The report reiterates LG Display’s overall ambitions with organic displays, hoping to increase its current 10-percent of OLED sales to 40-percent by 2020. This, in turn, is expected to create a significant amount of competition with its domestic rival, Samsung, which currently enjoys an absolute market-share majority. With respect to automobiles, Samsung is believed to be currently making plans to supply its own OLEDs to BMW. An official from Mercedes-Benz, speaking back at CES in January, indicated that, “We are preemptively responding to customers who demand cooler and clearer screens.” There is a feeling that OLED panels provide superior picture quality and enhance the aesthetic look of a car’s interior.

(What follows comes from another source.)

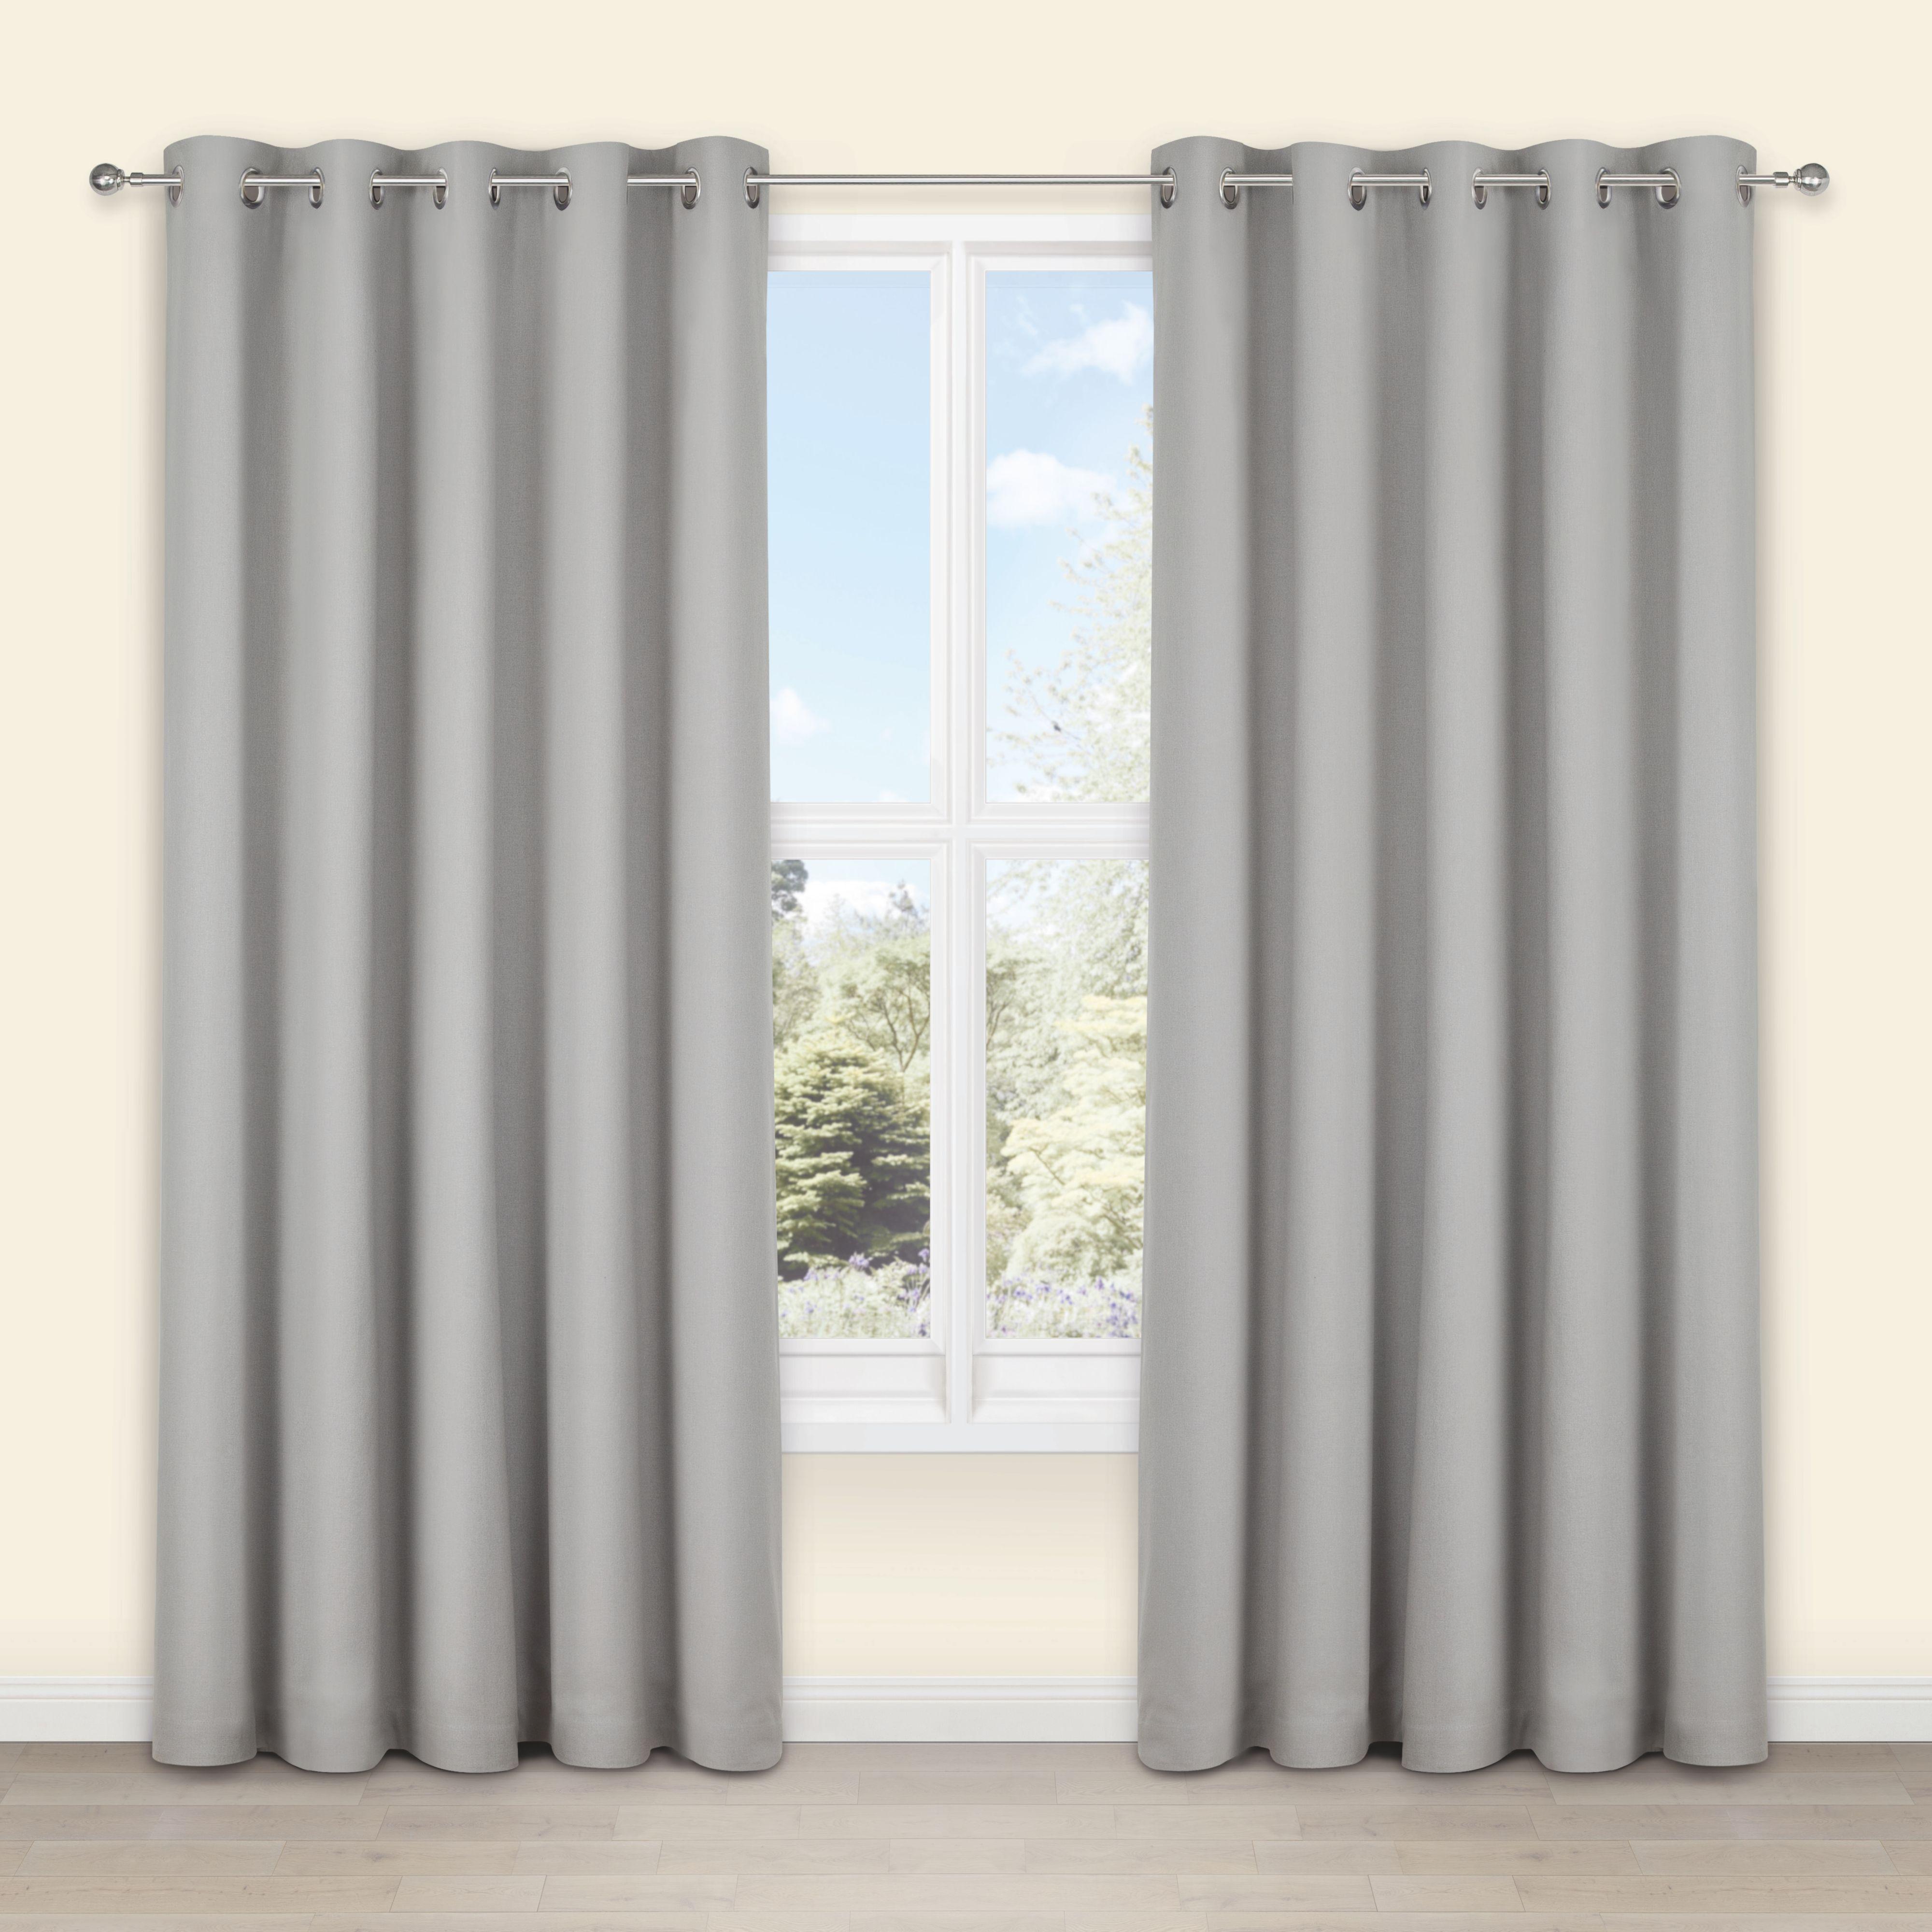 Salla concrete plain woven eyelet lined curtains wcm lcm

LG Display, which has been producing large-scale application OLEDs for years now in televisions, has yet to make a big impact on the smaller-scale side of things. While it does provide the screen for Apple’s Watch, the few OLED-equipped smartphones made by its sibling company, LG Electronics, have been met with their fair share of QC-related criticism including “smearing” of black colors in low-light conditions, image burn-in, and a noticeable blue shift when the phone is positioned off-axis. These problems are not unique to LG, however, there has been a sense that the panels are not up-to-par with those of Samsung. Regarding the OLED industry as a whole, and burn-ins specifically, it remains to be seen just what will happen to the displays used in cars, which will see static images displayed for extended periods of time.